FOR us metropolitan types there used to be just two reasons for venturing into the suburbs. The first was to watch football matches, and the second was to commune with the spirit of John Betjeman and laugh at all those net curtains. Now there is a third, and rather surprising reason: we go to the suburbs to eat good food. Chez Max (Surbiton), Partners 23 (Sutton) and Al San Vincenzo (Cheam) are all excellent suburban restaurants, and they all invite that most snobbish of questions: do the deputy managing directors (export) and accounting execs who have these places on their driveways appreciate what they're eating? Do they know how good it is, or just how long the chef has spent overseeing the chopping and shredding of all those baby vegetables for them to burst, spring- like, on the tongue? Wouldn't they really prefer a well-done steak and a glass of Blue Nun in the local Berni?

You will know, however, that I am not that kind of a snob, and so I didn't allow myself to be put off by the marbled wallpaper or the stippling, dragging or rag-rolling on the paintwork (though I think I shall scream if I ever see another paint effect again) nor was my enjoyment marred by the fact that the little Turner prints around the dining room were a) Turner prints and b) twinned with table arrangements provided by pastel-tinted, gyp-filled vases.

The diners at Les Alouettes are in the main locals and in the main, too, hugely appreciative of what they're eating, if my eavesdropping (and I have never heard such detailed exchanges between waiter and diner) is anything to go by. No surprise really: there's much to be appreciated here. Michel Perraud, the doe-eyed and doue chef, late of the Waterside Inn, is among a limited number of Maitres Ouv- riers de Grande Bretagne (and young to be one, at 33) and his Claygate kitchens have recently been awarded a Michelin star.

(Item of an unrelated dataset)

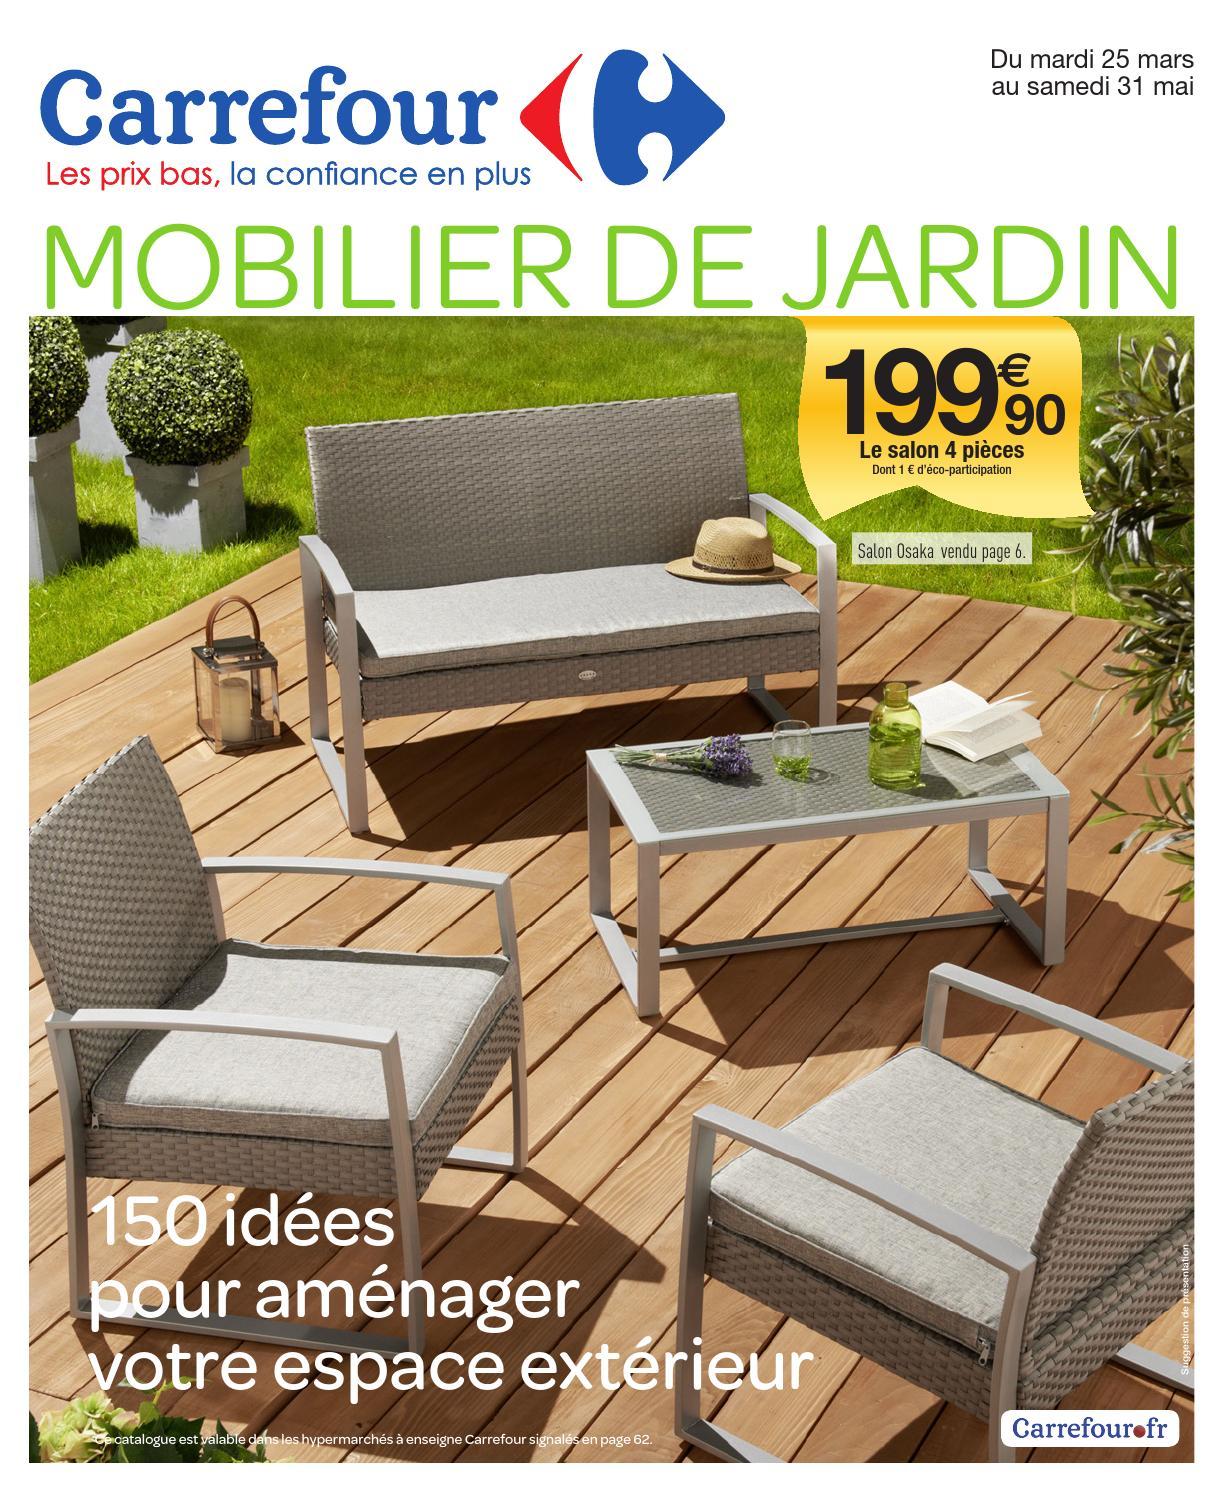 Fauteuil De Jardin Carrefour Market Table De Lit A Roulettes # Table De Jardin A Roulettes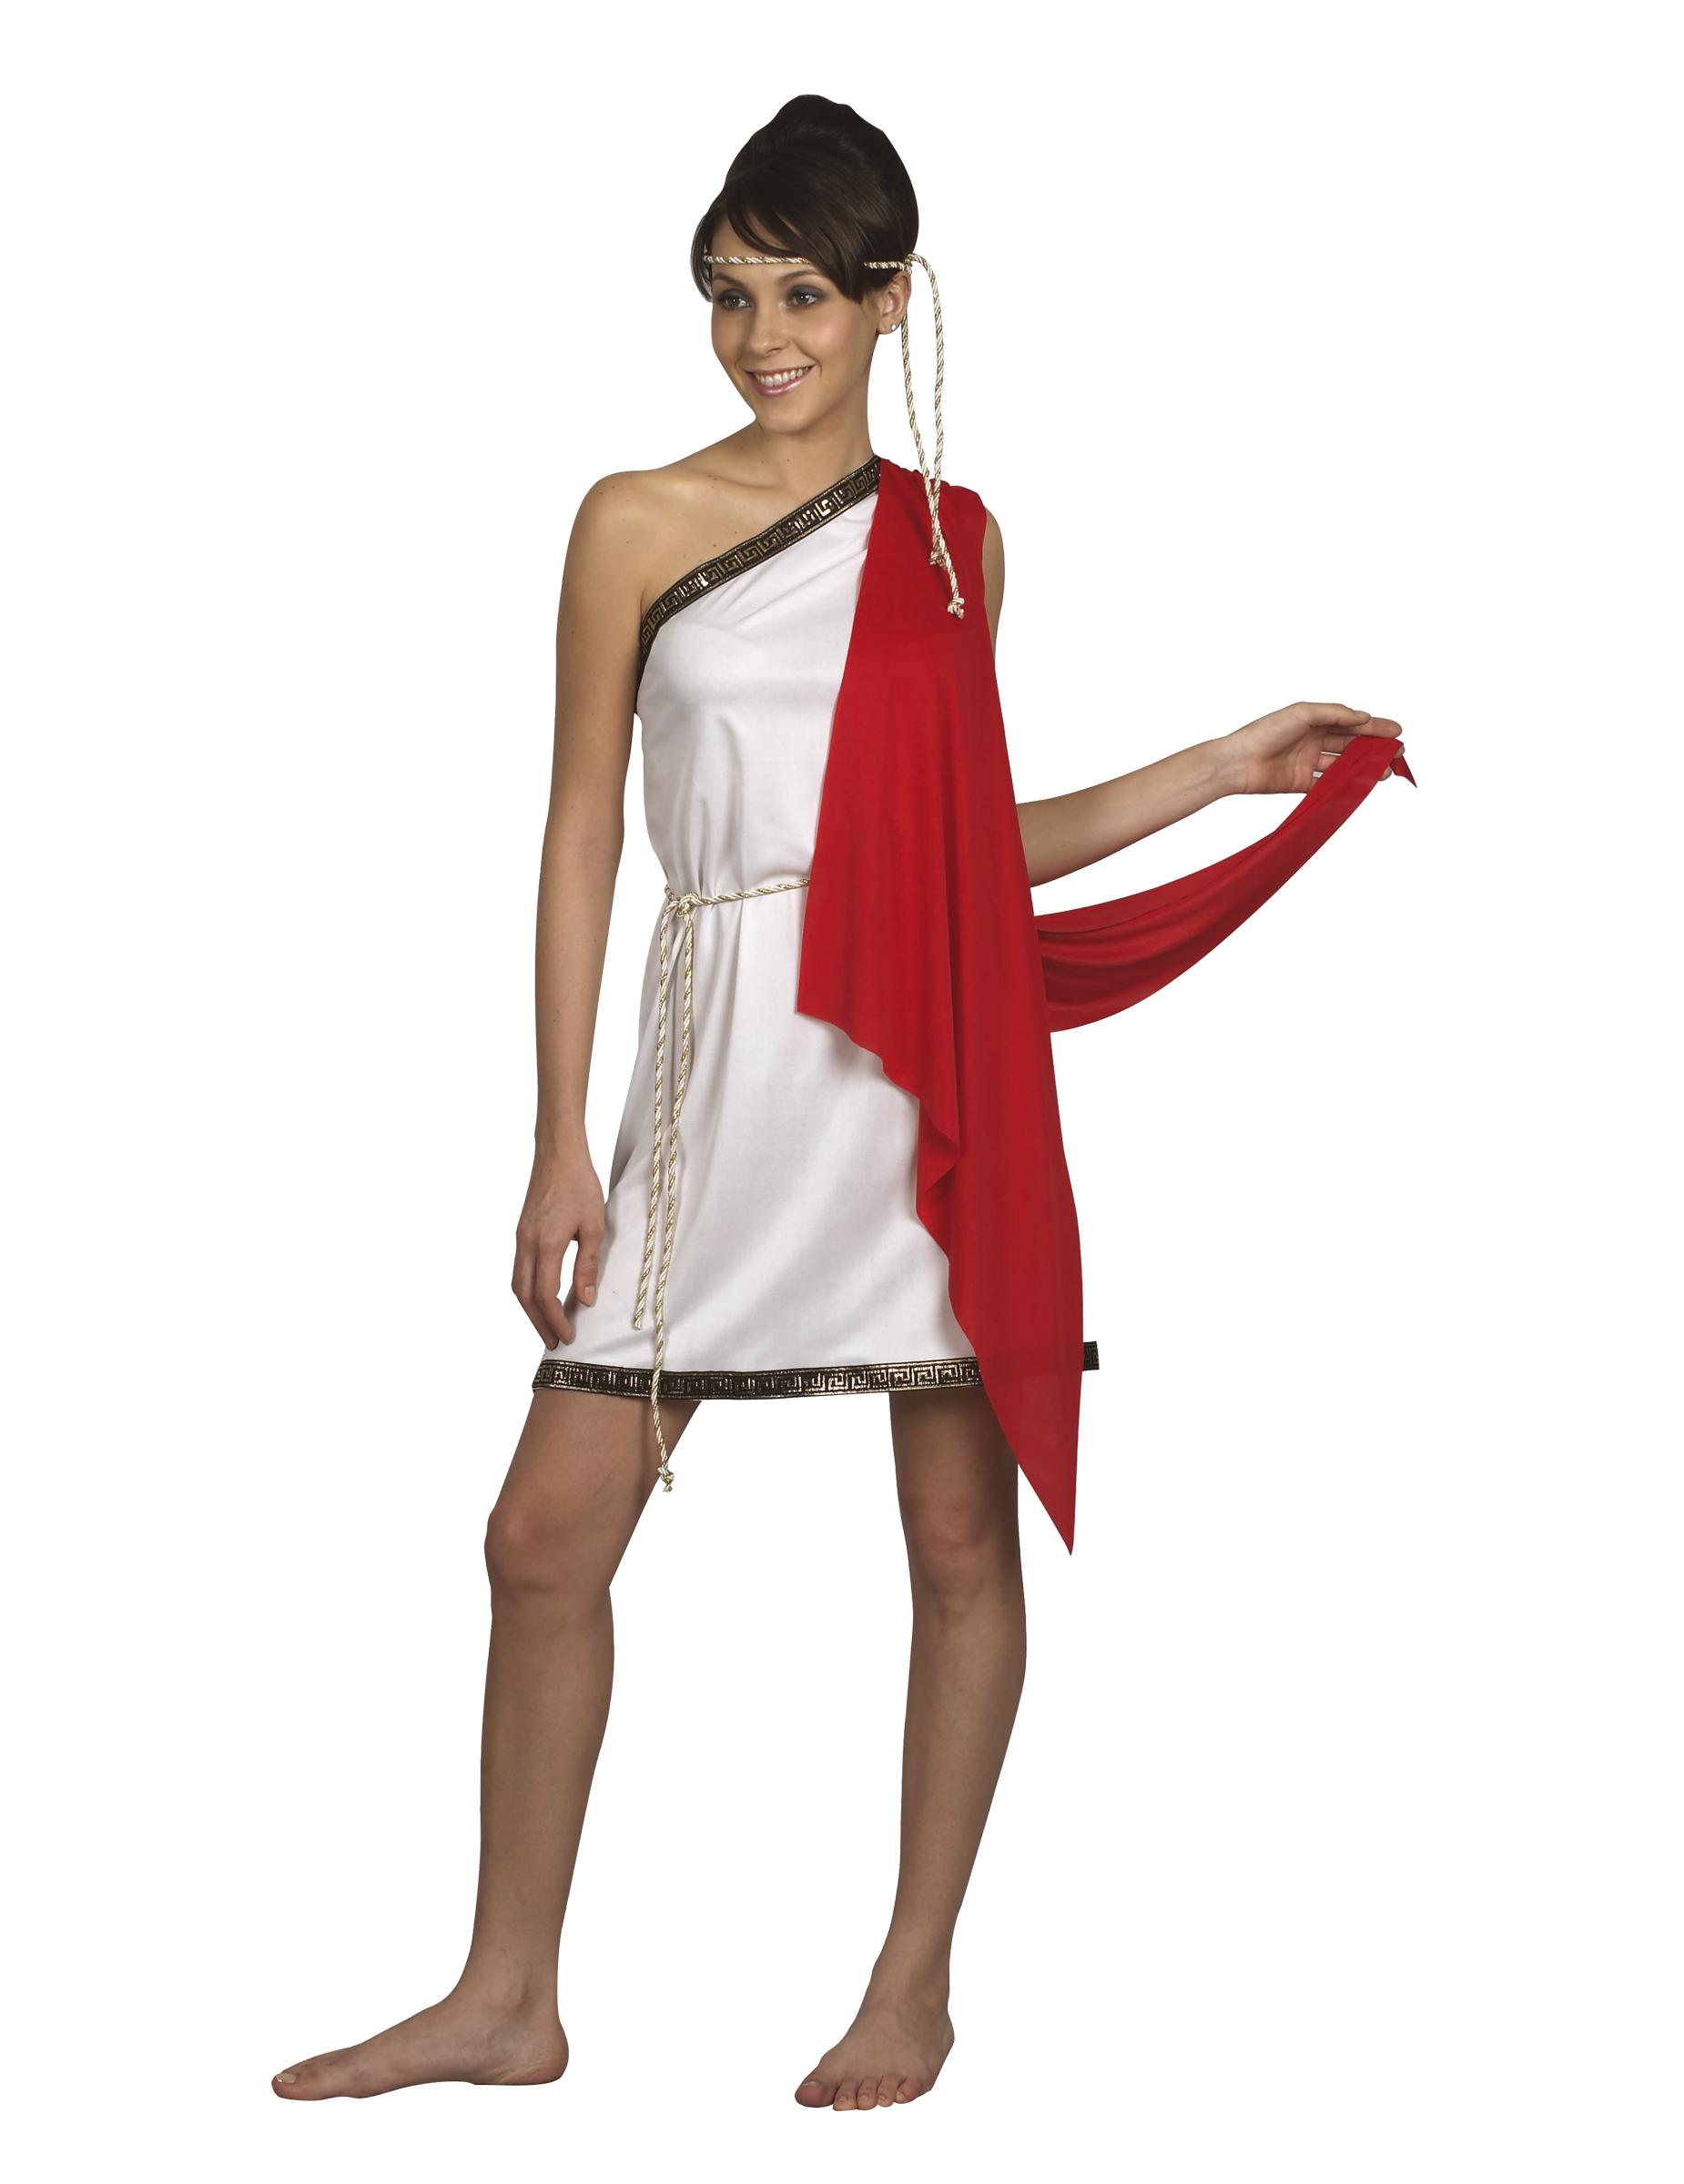 roman goddess costume for women. Black Bedroom Furniture Sets. Home Design Ideas

He calls his cuisine 'traditional French with a hint of modernism', which means roughly the full works but on arty plates. Being Esher, arty plates in turn mean Royal Doulton Carnation range (basic equipment for all those plush pink- upholstered little numbers).

Start with a delicate vegetable broth, amber-coloured and aswim with a dice of tender little vegetables, shredded crab and scallop and flavoured with earthy fresh coriander. I normally disapprove of sup- plements on prix-fixe menus, but an extra £3 is gloriously worth it for the foie gras of duck, just sealed in the pan, and left fatly pink on a plate smeared with a sauce of honey and red wine vinegar reduced to a caramel then further reduced with a ladle- ful of chestnut-gleaming duck stock. Sweet but not syrupy, and given a knife-sharp tang by the vinegar, this sauce alone is worth travelling for.

The sauces on, or more precisely, under, the main courses never quite matched that first example. It was difficult not to be slightly disappointed with the tournedos, the meat itself a butter-soft, bloodied hunk, but its sauce, a shallot and oyster mushroom soused reduction of red wine and good strong stock, was on the saltily assertive side. Better was the veal chop, dotted with torn strips of basil, fruitily preserved in olive oil, and sauced with a pale, slightly spiky reduction of veal stock, with putty-soft slices of artichoke and a latticework of tomato and basil.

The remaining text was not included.